Terminada a palestra, rompendo a multidão, encaminhou-se à mesa uma senhora ainda moça, gorda. Estacou-se diante do orador que acabava de falar; estendeu-lhe a mão e, beijando a do orador, perguntou-lhe: “Quem o senhor me indicará para prestar-me ajuda? Eu, me suicidaria hoje!… Já tenho em casa uma pastilha de sublimado corrosivo, mas agora não me mato mais”. Naquele silêncio absoluto, o orador indicou-lhe a senhora de seu amigo Leonardo Baungratz, D. Delmitina que, levantando-se declarou: “A senhora é minha vizinha.” Estava encerrado o episódio.
O médium Francisco Cândido Xavier começa então a leitura das mensagens recebidas durante as palestras. Os primeiros versos eram de José, seu irmão desencarnado. Depois poesias várias e a mensagem de Emmanuel.
Antes, porém, da última mensagem, o Chico que estava sentado à cabeceira da mesa, passou ao Quintão uma das mensagens.

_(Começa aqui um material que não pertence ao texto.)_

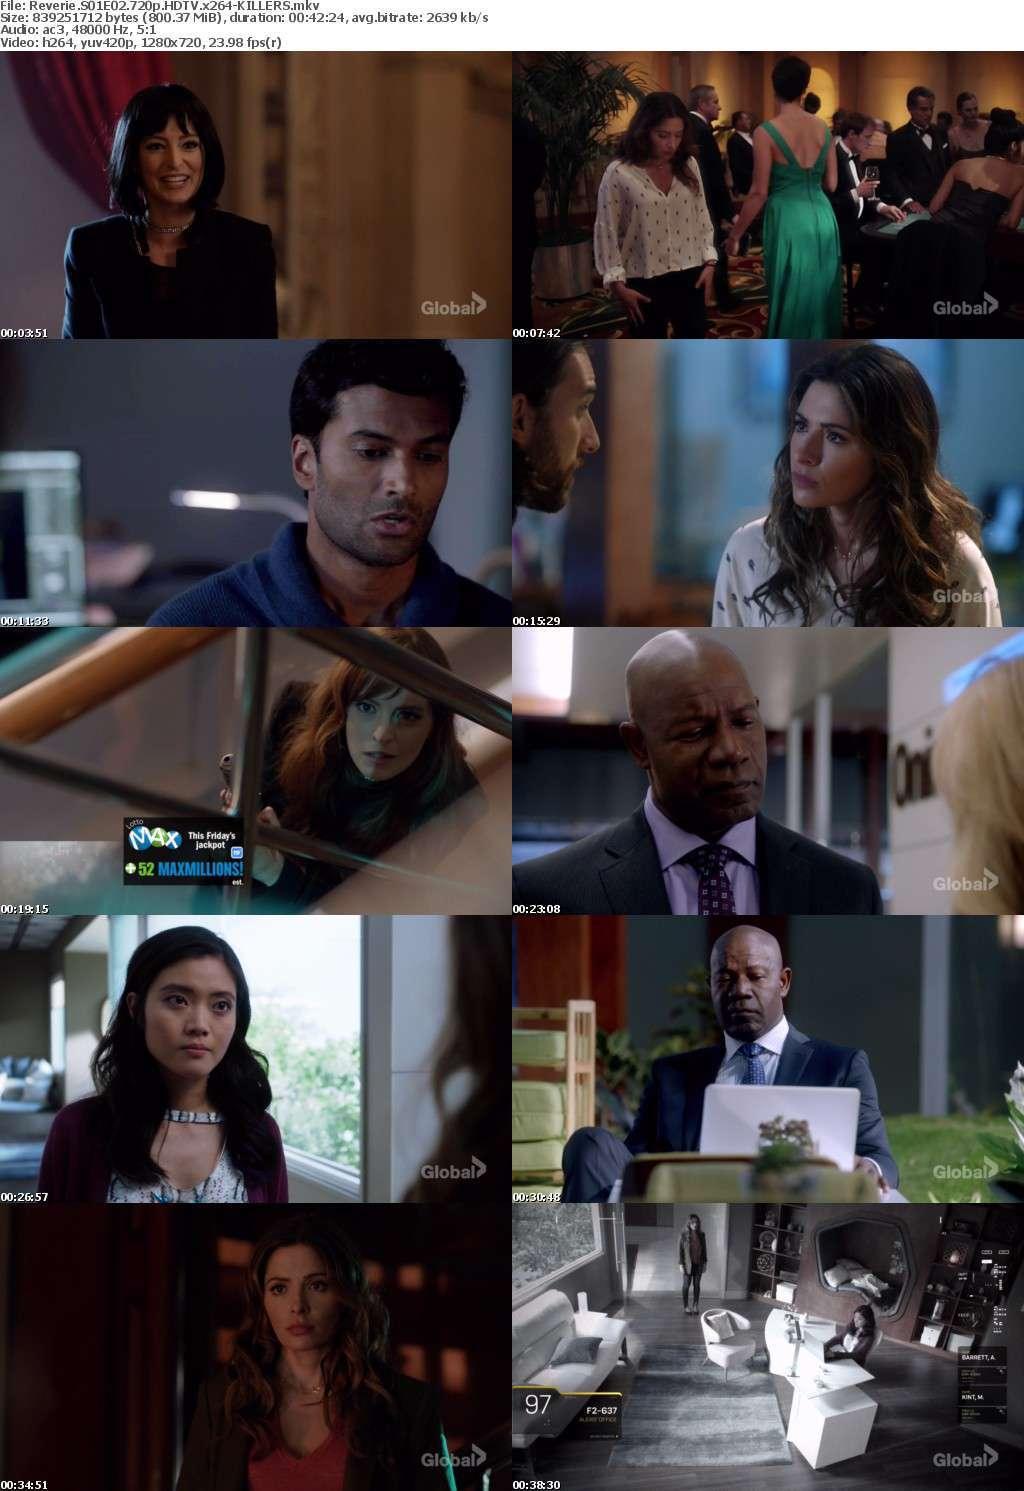 Reverie S01E02 720p HDTV x264-KILLERS

Quintão olhou-a e passou a Leonardo Baungratz que fez o que Quintão fizera, passando o papel ao segundo orador, o Guedes.
Era um bilhete de seu pai e dizia assim:
“Tonico.
“Aqui estou a teu lado e vibrando contigo. Comigo está o Jerominho que manda um abraço ao Nenê e outro à sua filha Delmitina.
“Teu pai.
Messias Guedes”
Ora, nunca jamais disséramos ao Chico que o nosso pai já estava morto, que tínhamos o apelido de Tonico e que Leonardo Baungratz era Nenê. Jerominho era o Sr. Jerônimo, ex-delegado em Lima Duarte, sogro de Leonardo, que tornou-se espírita. Era amigo de Messias Guedes de Moraes, que também tinha apelido de Nenê.
Até hoje, em Belo Horizonte, ninguém conhece Leonardo Baungratz por apelido. Por que tudo aquilo acontecera àquela noite? É que Francisco Cândido Xavier é verdadeiramente médium de extraordinárias faculdades, de valor incontestável.
Que ambiente extraordinário o daquela noite, na União Espírita Mineira, em Belo Horizonte!
Em 1952, estávamos em Pedro Leopoldo e tivemos notícias de que aquela senhora, que tanto nos empolgara aquela noite, estava ainda entre os chamados vivos da Terra.
Dos espíritas com quem F. Xavier travara relações, por correspondência quando iniciou a publicação de seus versos aqui no Rio, vivo, entre os mortais, resta o signatário deste relato.
Guardamos carinhosamente uma das cartas que o F. Xavier nos escreveu em 29 de dezembro de 1929, pedindo-me a publicação de seus trabalhos na “Gazeta de Notícias”.
Hoje, não sabemos porque, não temos mais respostas às cartas que lhe escrevemos, desde que saiu de Pedro Leopoldo.
Não importa, um dia havemos de nos encontrar.
Rio, janeiro de 1968.
Pereira Guedes n
Elias Barbosa
[1] “O Clarim”, de Matão, Estado de S. Paulo, Ano LXIII, nº 9, de 15-4-1968.
[2] Essa mensagem foi publicada também em 2010 pela editora VL e é a 2ª lição da 2ª Parte do livro: “Chico Xavier: O Primeiro Livro”
[3] A. PEREIRA GUEDES — Denodado lidador da seara espírita no Brasil e jornalista veterano da imprensa carioca, residente no Rio.